A particular highlight of the exhibition was an introduction to the work of Lu Chao, a Chinese artist, still only in his mid-twenties, who graduated last year from the Royal College of Art’s MA course in Painting. Traditional Chinese ink drawing is a strong influence in his painting, although he uses oils, making precise and expressive brushstrokes.

Five works by Chao are included in the exhibition, of which two are large oil paintings on canvas, while the others, still using oils, are on paper. The unifying subject matter is crowds of people; in China, much of daily urban life is lived among crowds. In two of the works, the crowds appear to be unwillingly but powerlessly corralled by some invisible force into cake-like shapes. In one, the crowd cake is under a glass cover; in another a number of them are shown on shelves in a cake shop, with spaces where slices have been cut out.

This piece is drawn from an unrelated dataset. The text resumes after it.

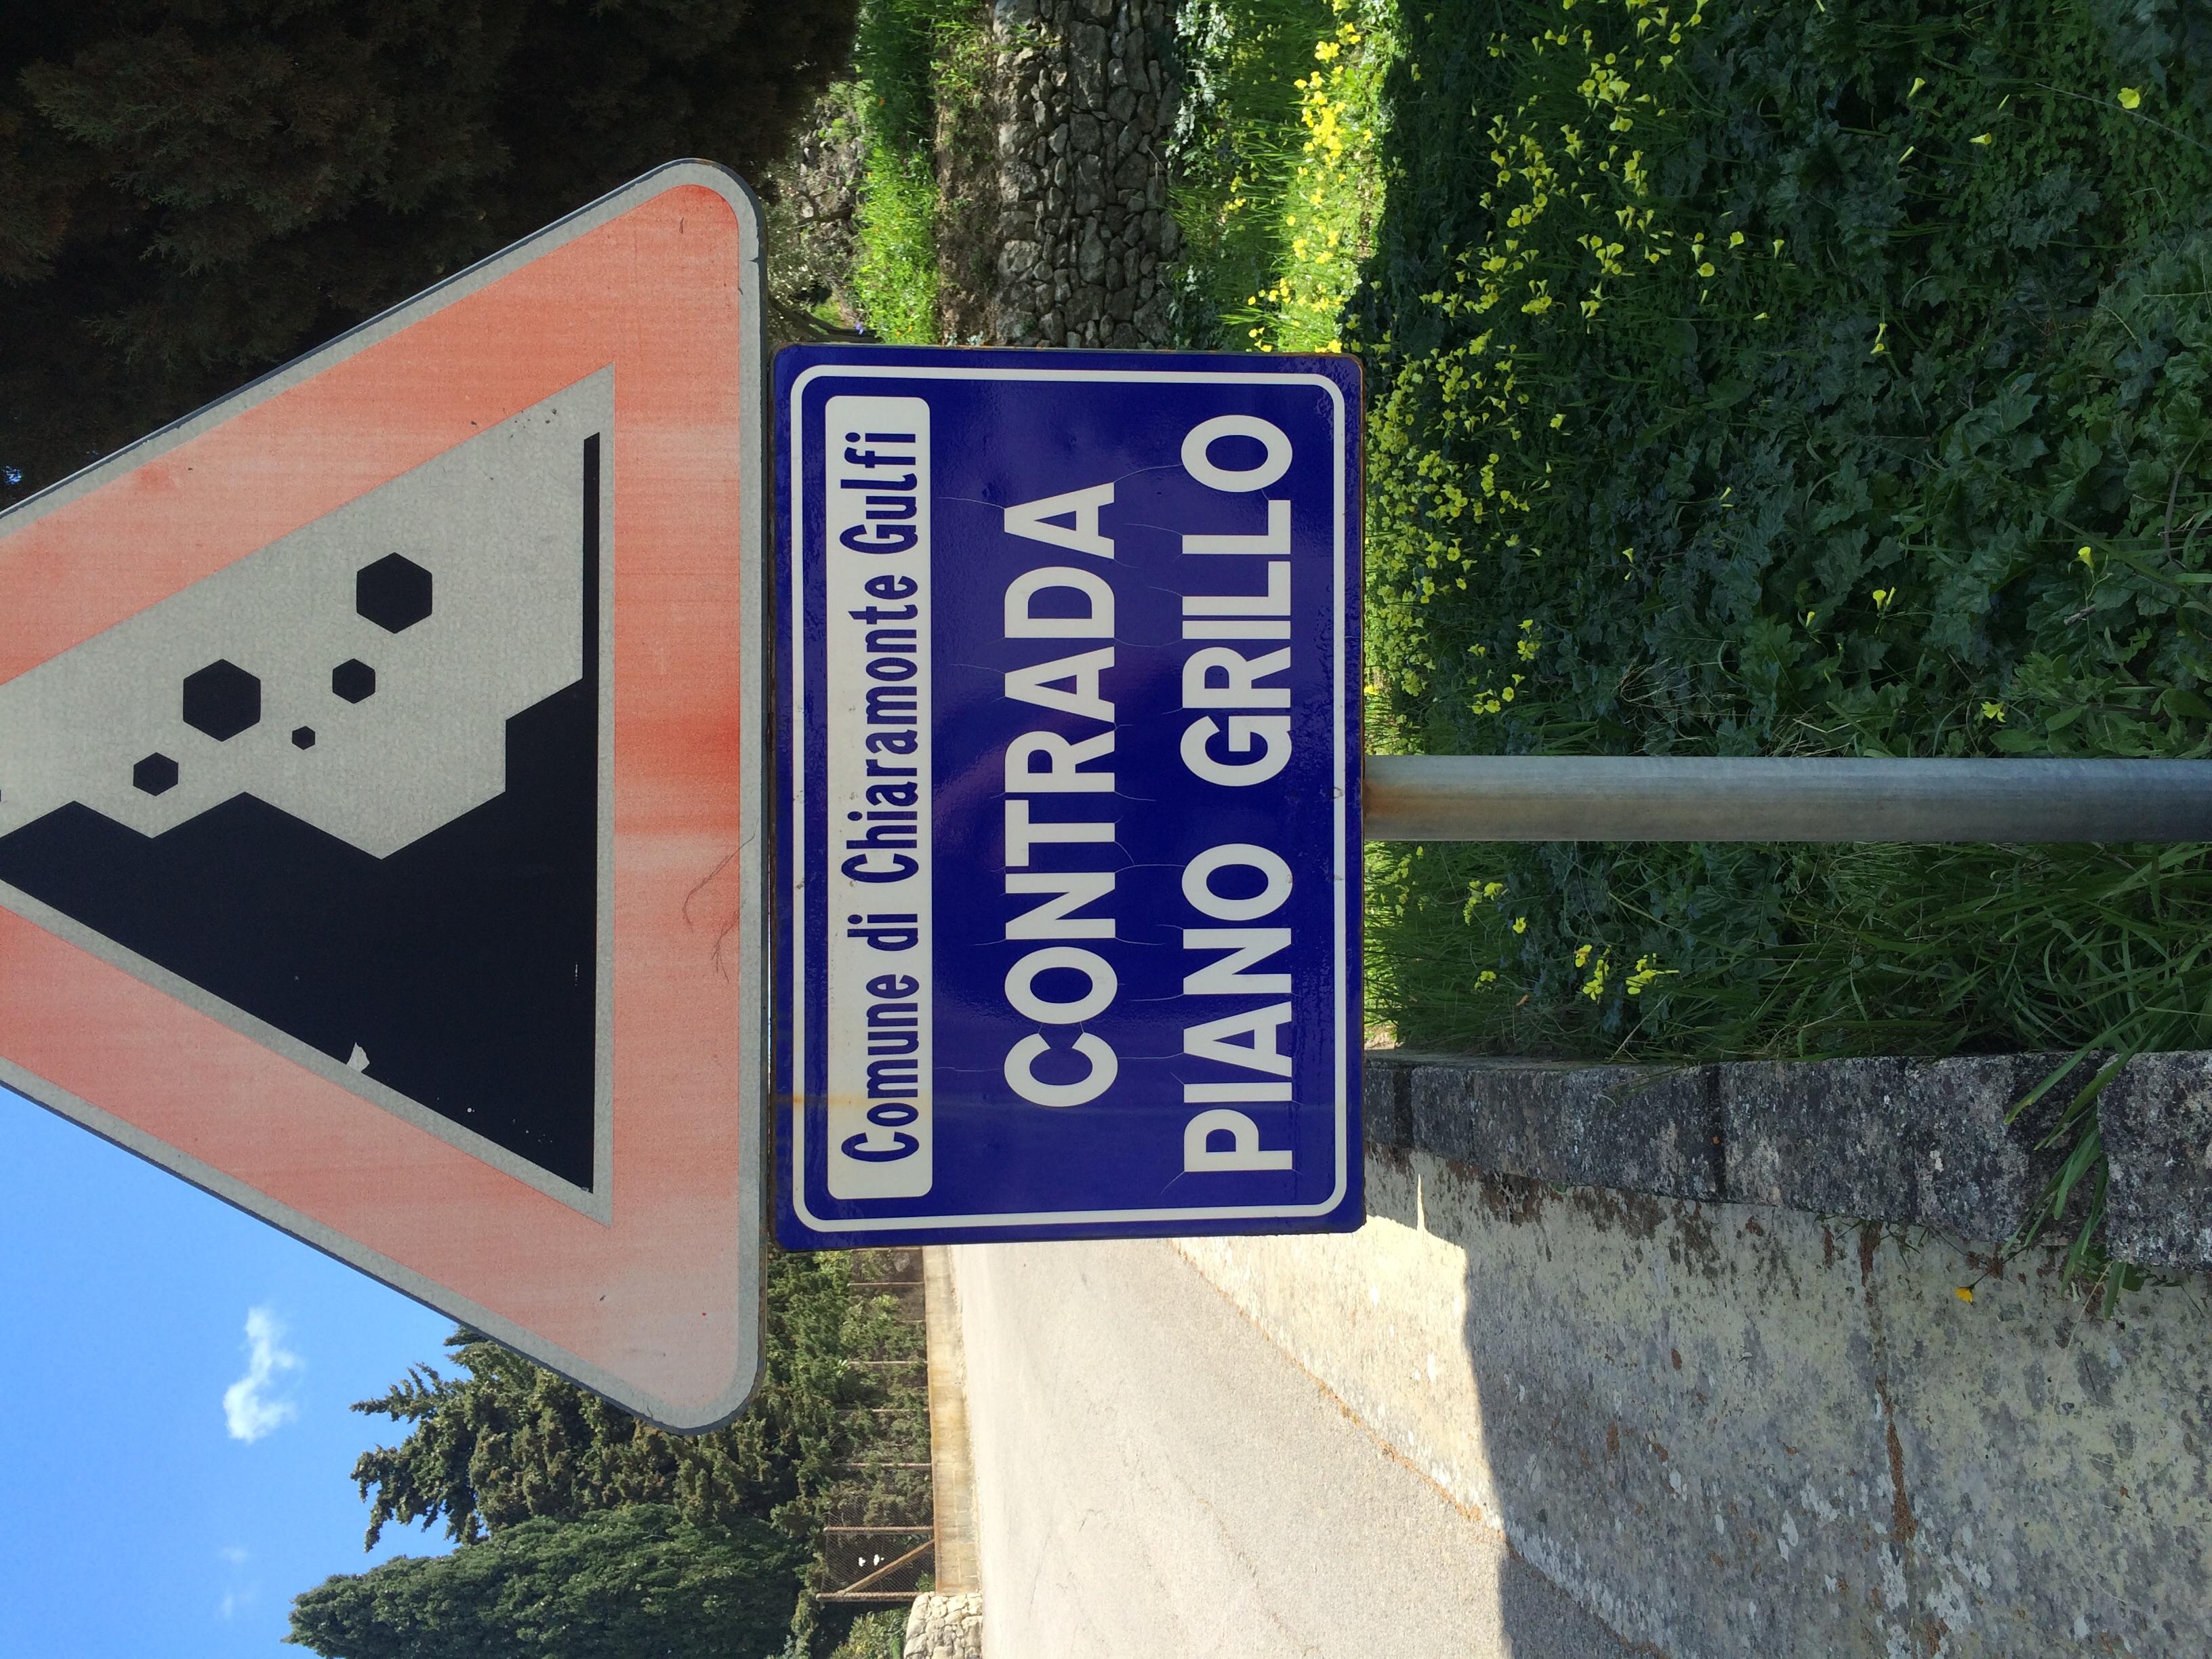 proper street signs? che cos'è?!

There are also some smaller works in oil on paper which look like they could be details from the larger ones. One just shows a hat on the ground, but in the context of the other images, one imagines it has been dropped or perhaps knocked off someone’s head. For this reason, that simple image of a hat creates great pathos. One cannot help but feel vast empathy for the hapless owner of that hat.

Chao’s interesting and original images express powerful ideas and ask important, and very contemporary, questions about the relationships between the individual and oppressive authority. It is extremely difficult to imagine such complex existential ideas being conveyed in the language of Conceptualism.

Throughout the great majority of the history of art, artists have responded eloquently to the questions posed by the human condition while valuing tradition and artistic skill and showing deep respect for the art form in which they work. Despite the rise of the conceptualists, many have continued to do so. This exhibition shows that there is still plenty of mileage in that approach.


 

Around Drawing is at Rosenfeld Porcini until 22 May 2015.